As I read this comment, I mentally “put it on hold” to ponder it and possibly come up with a good response.
I thought about the challenges this reader mentions. Money is clearly an issue. Finding a babysitter for a baby that doesn’t sleep is another issue. And then the issue of being on-call with work. These are things that we can all relate to in one way or another.
We all know dating in marriage is important. But with these challenges and others, how is it possible to make sure we actually find the time and money to do so?
Here’s a simple solution – the 90 minute date
That’s right. It’s exactly as it sounds. Take 90 minutes to have a dedicated mini-date. It’s kind of like a junior version of a “real date” but with a lot of advantages.
The big advantage is of course the amount of time. You don’t have to worry about getting a babysitter while you’re spending the entire night on the town. You’re only going to be gone for 90 minutes! If you have a kid (or kids), you can simply drop them off at your neighbor’s house – it’s not a big commitment.
Another advantage with the 90 minute date is that you don’t need a lot of money. Going out to a fancy dinner and a show downtown isn’t going to work. Sure, you might be able to do some damage at a mall in that time and if that’s what you you want to do, that’s fine!
The point is, you don’t have to have a lot of money for this to work as you’ll see below in some of the date ideas.
Another big advantage is that with only 90 minutes to work with, you have to get creative. Make it fun! This could actually be just the shot in the arm your dating life needs! Think of it like a challenge. You’ve got an hour and a half to create an awesome date. What are you going to do?
One final advantage to the fast date is that you’re sure to get it done. There’s really no excuses for not being able to spend 90 minutes with each other. Many people spend more time in traffic in their daily commute!
Here are 10 ideas for a 90 minute date
Fast food – yes, it sounds funny but going to your local fast food joint can be fun if it’s intentional. One milkshake, two straws – just like the good old days!
Work out together – if fast food turns you off, maybe working out together would be fun. Many couples enjoy running together, lifting weights, or even yoga.
Shopping spree – if you have the money, go to the mall with a list and see how many things you can knock out in that time.
People watching – don’t have the money? Go to the mall anyway and people watch! The park or the beach are also good places for this. Make up stories about the people walking past.
Massage time – spend 90 minutes giving each other massages. This is a great way to be focused on each other – the whole point of dating.
Quickie – in many cases, massage time can lead to sex. 90 minutes is plenty of time for some meaningful relations. Spice it up by going someplace new – a swanky motel, your car, outdoors, whatever!
Scavenger hunt – hey, most scavenger hunts are timed anyway right? Do your own with a list that one or both of you create. One date can even be spent creating the list and the follow up date is actually doing the hunt.
Dream session – get out a whiteboard or a notebook or your phone and strategize about some goals you want to make. You can discuss health goals or new career goals or even your next vacation.
Picnic – an hour and a half is plenty of time to grab some food and hit the local park or beach.
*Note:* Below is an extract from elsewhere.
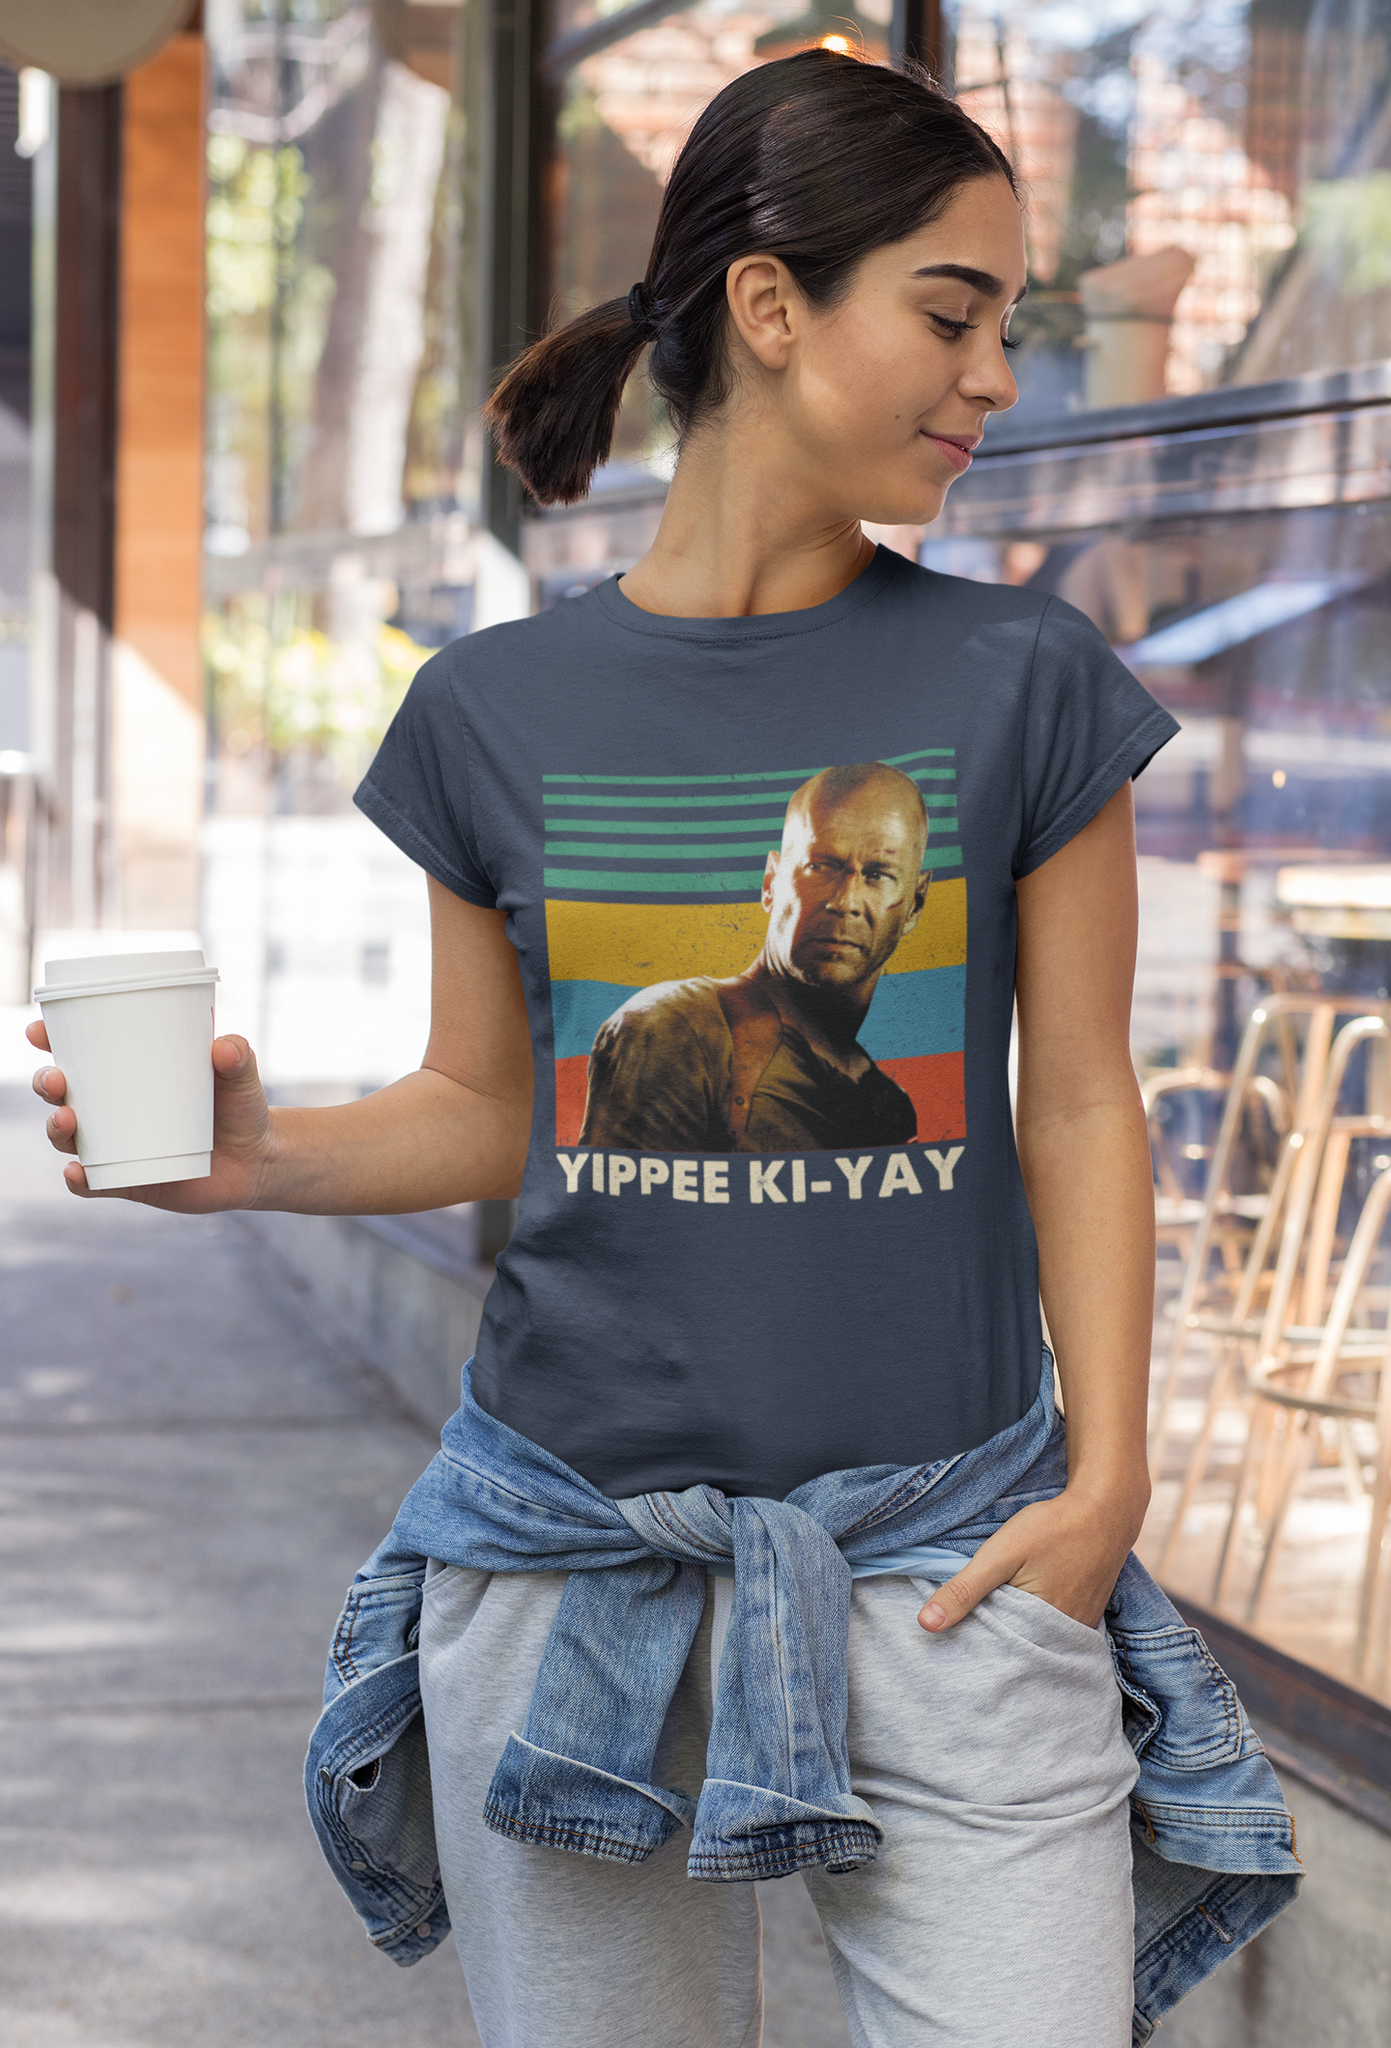 Die Hard Movie T Shirt, John McClane T Shirt, Yippee Ki Yay Tshirt

Combine this with people watching or a dream session.
Photo time – take out the box of photos or download them from your camera and create photo albums or hang them on the wall. If you’re like me, you’ve got 5+ GB of photos just sitting on your hard drive. Slap them all together into a movie with some music and you’ve got something to watch on your next date!
The big secret about the 90 minute date is that it’s all about intention.
You can either create excuses or you can find a way to date your spouse. It’s amazingly important. It’s a vital component to a healthy marriage.
Date. Have fun. Make your spouse a priority in your life. When all is said and done, isn’t that the point of it all anyway?
What are your thoughts about the 90 minute date?